Liu Bojun, Boysen Jordan G, Unarta Ilona Christy, Du Xuefeng, Li Yixuan, Huang Xuhui
Department of Chemistry, Theoretical Chemistry Institute, University of Wisconsin-Madison, Madison, WI, 53706, USA.
Data Science Institute, University of Wisconsin-Madison, Madison, WI, 53706, USA.
Nat Commun. 2025 Jan 2;16(1):349. doi: 10.1038/s41467-024-55228-4.
Identifying transitional states is crucial for understanding protein conformational changes that underlie numerous biological processes. Markov state models (MSMs), built from Molecular Dynamics (MD) simulations, capture these dynamics through transitions among metastable conformational states, and have demonstrated success in studying protein conformational changes. However, MSMs face challenges in identifying transition states, as they partition MD conformations into discrete metastable states (or free energy minima), lacking description of transition states located at the free energy barriers.
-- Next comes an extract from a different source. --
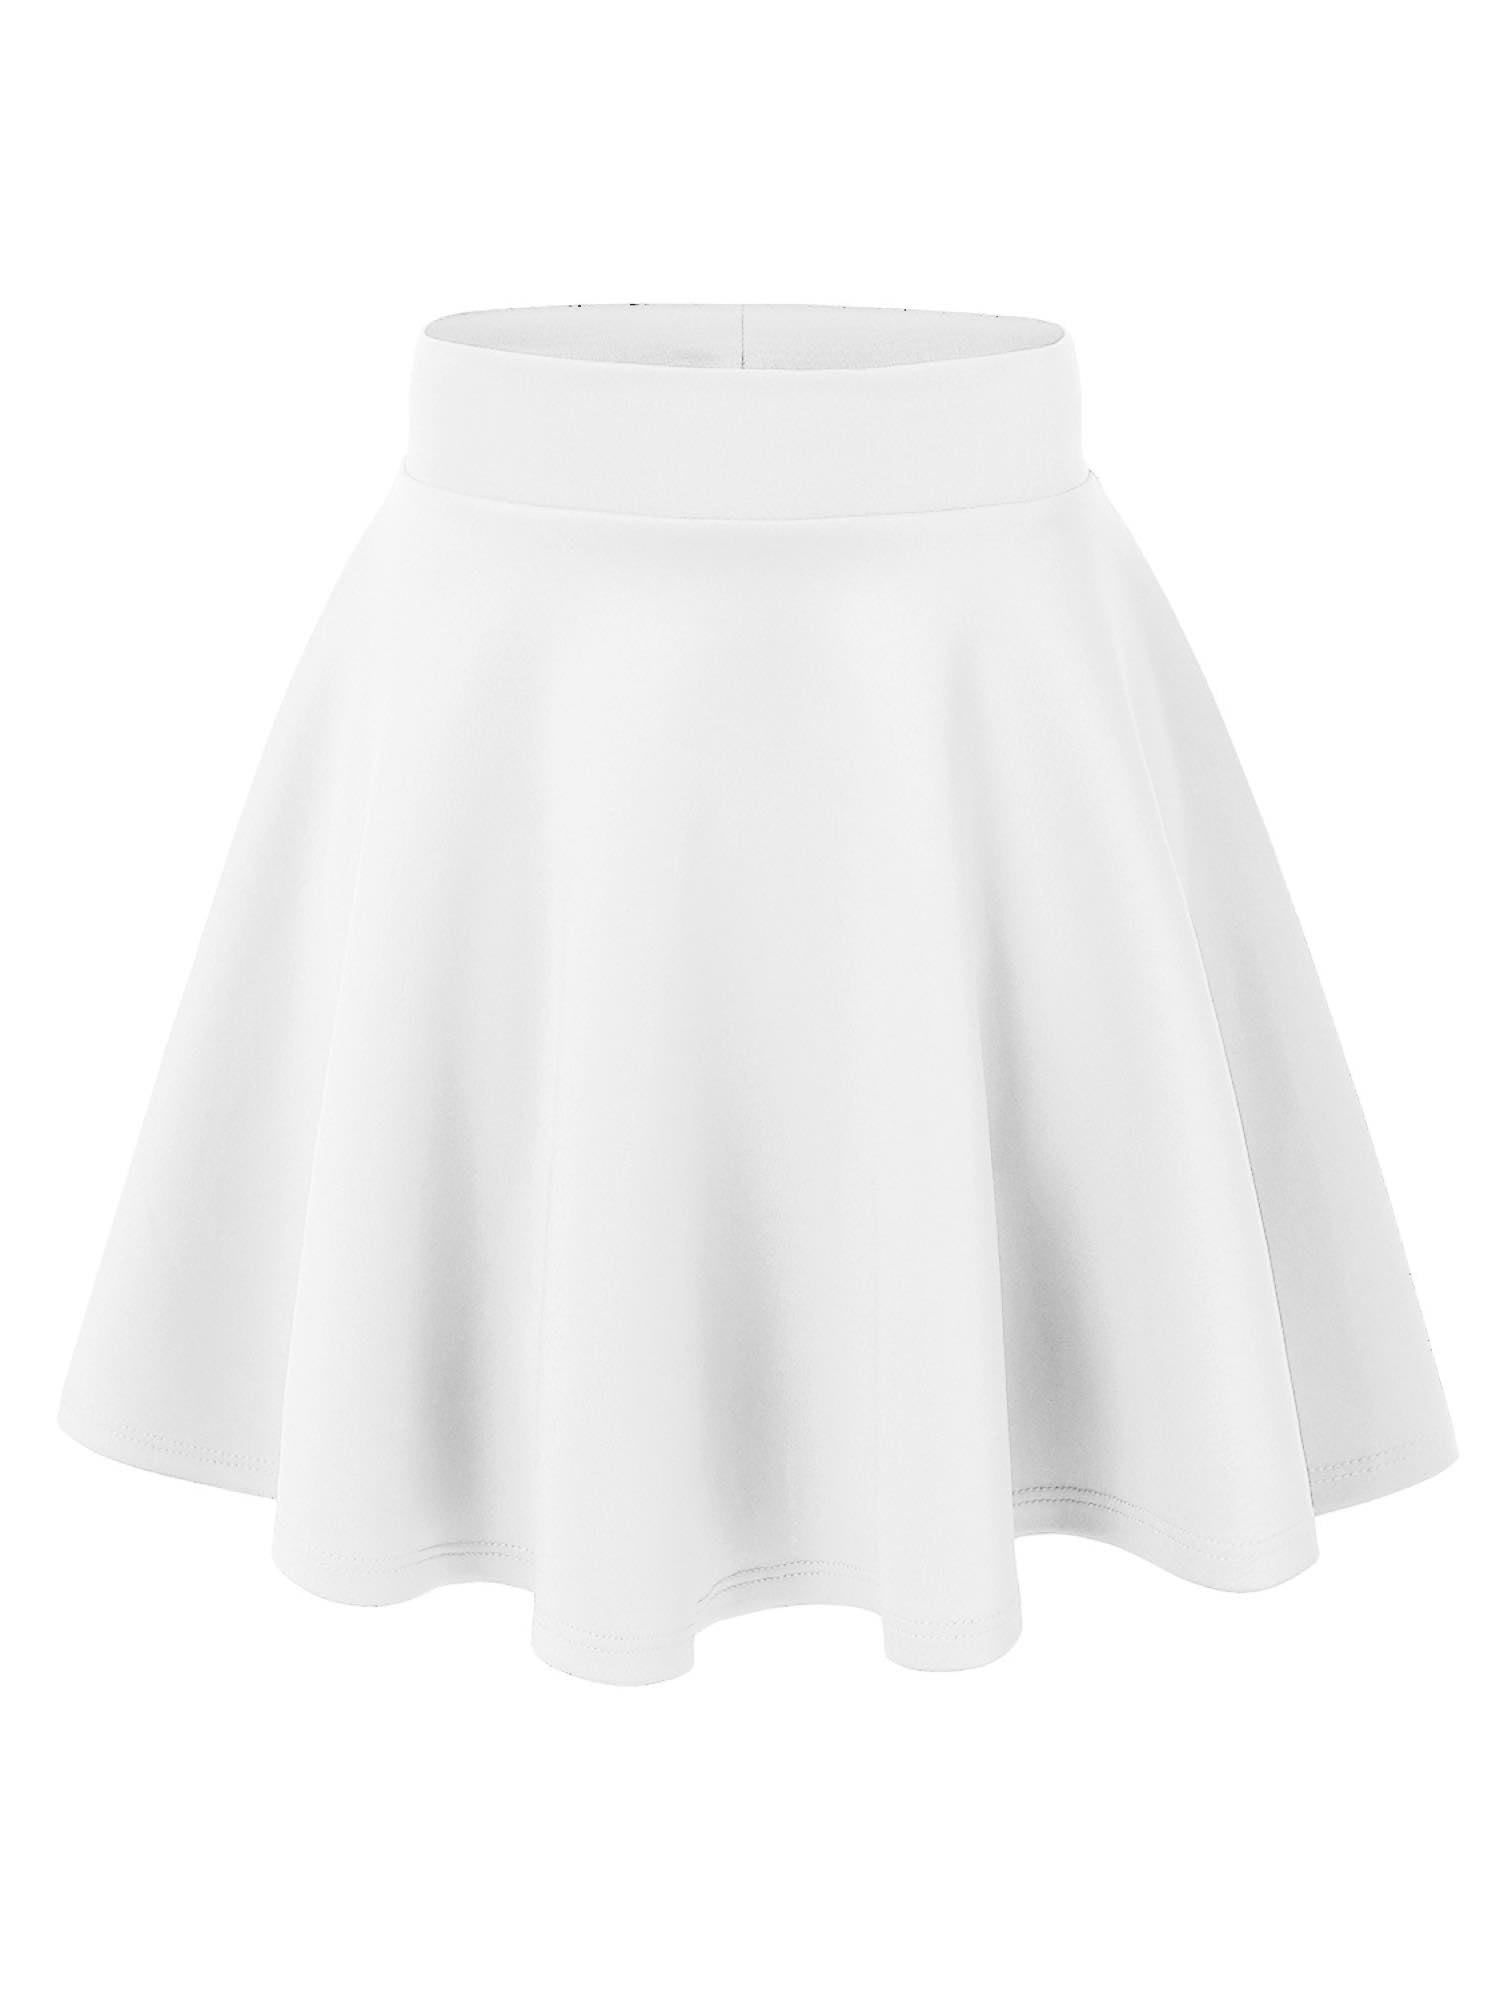 MBJ WB669 Womens Basic Versatile Strechy Flare Skater Skirt S WHITE
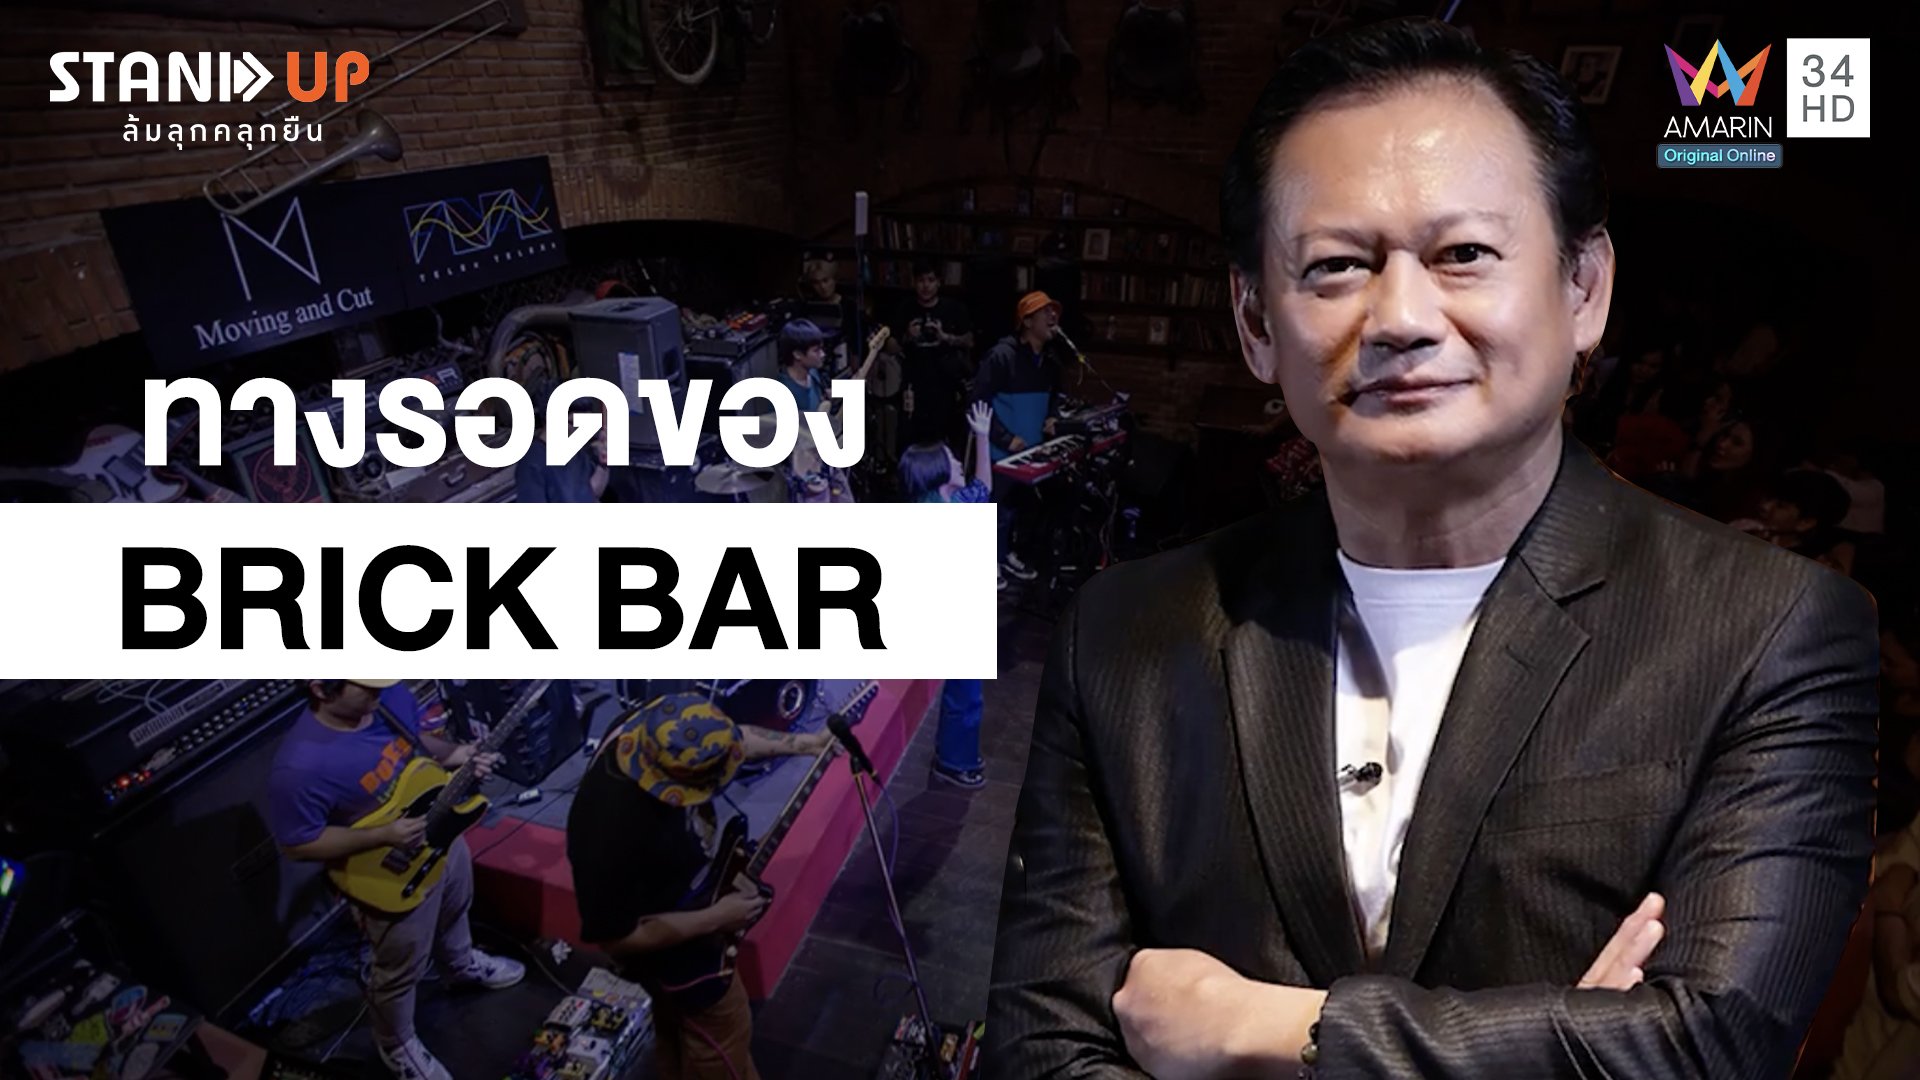 ทางรอดของBrick Bar ในวิกฤตเศรษฐกิจตกต่ำ!!!! | Stand Up ล้มลุกคลุกยืน | 14 มิ.ย. 64 | AMARIN TVHD34

Here, we introduce Transition State identification via Dispersion and vAriational principle Regularized neural networks (TS-DAR), a deep learning framework inspired by out-of-distribution (OOD) detection in trustworthy artificial intelligence (AI). TS-DAR offers an end-to-end pipeline that can simultaneously detect all transition states between multiple free minima from MD simulations using the regularized hyperspherical embeddings in latent space. The key insight of TS-DAR lies in treating transition state structures as OOD data, recognizing that they are sparsely populated and exhibit a distributional shift from metastable states. We demonstrate the power of TS-DAR by applying it to a 2D potential, alanine dipeptide, and the translocation of a DNA motor protein on DNA, where it outperforms previous methods in identifying transition states.
识别过渡态对于理解众多生物过程背后的蛋白质构象变化至关重要。基于分子动力学(MD)模拟构建的马尔可夫状态模型(MSM),通过亚稳态构象状态之间的转变来捕捉这些动力学,并已在研究蛋白质构象变化方面取得成功。然而,MSM在识别过渡态时面临挑战,因为它们将MD构象划分为离散的亚稳态(或自由能最小值),缺乏对位于自由能障碍处的过渡态的描述。在这里,我们引入了通过色散和变分原理正则化神经网络(TS-DAR)进行过渡态识别,这是一个受可信人工智能(AI)中的分布外(OOD)检测启发的深度学习框架。TS-DAR提供了一个端到端的管道,该管道可以使用潜在空间中的正则化超球面嵌入同时检测MD模拟中多个自由最小值之间的所有过渡态。TS-DAR的关键见解在于将过渡态结构视为OOD数据,认识到它们分布稀疏且与亚稳态存在分布偏移。我们将TS-DAR应用于二维势、丙氨酸二肽以及DNA运动蛋白在DNA上的易位,展示了它在识别过渡态方面的能力,其性能优于先前的方法。